Lecture: Enchantment is the condition of being entranced, caught in rapture, spirited away, spellbound, and living more from deep imagination than from practicality. The soul has an unforgiving need for this kind of enchantment, and yet the modern world does everything it can to break the spell. Enchantment offers a reason for being, as basis for ecological responsibility, and a means for nourishing the soul. Yet, the modern preference is for understanding and control, information and manipulation. 

This lecture by Thomas Moore represents a further development of his work with the soul, but here the emphasis is on the world in which we live-the rivers, roads, buildings, houses, gardens, silence, music, ruins, stories, art, language, shrines, sports, graffiti, and food.

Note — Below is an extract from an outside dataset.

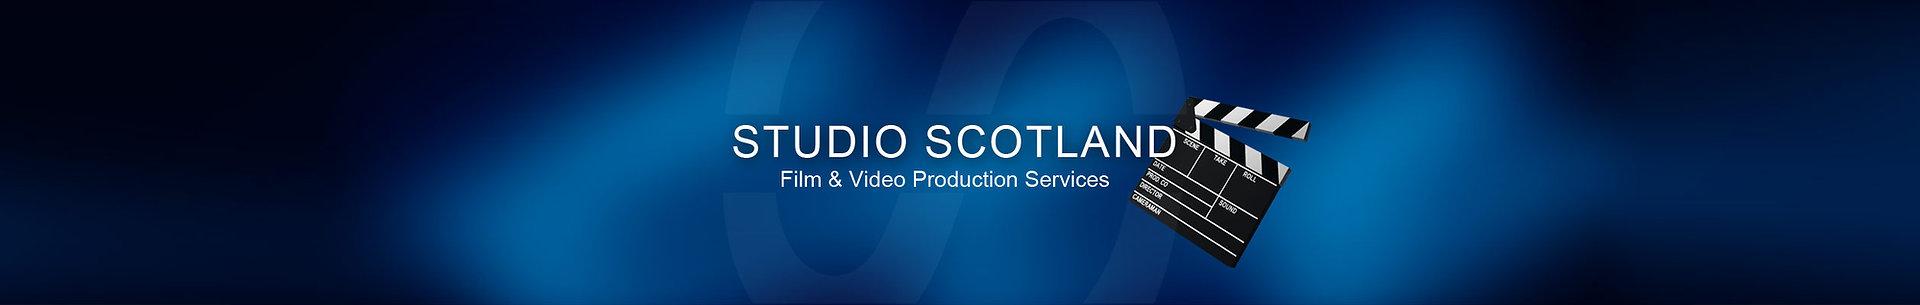 Studio Scotland banner

It argues in favor of “natural religion,” piety rooted in nature as the basis of all religious and psychological values. It attempts to restore magic to its proper place in the dynamics of a soul-centered life, and recommends a radical alternative to the rationalistic and mechanistic philosophies of our age. 

 

Thomas Moore, Ph.D., is the author of the bestselling books, Care of the Soul and Soul Mates.  He edited Blue Fire, an anthology of the writing of James Hillman, and has written The Planets Within; Rituals of the Imagination; Dark Eros; and Meditations: On the Monk who Dwells in Daily Life. His newest book is The Re-Enchantment if Everyday Life. He holds a Ph.D in religious studies from Syracuse University and an M.A. in musicology from the University of Michigan. For twelve years he lived as a monk in a Catholic religious order, and now resides in Massachusetts where he enjoys woodworking and music composition.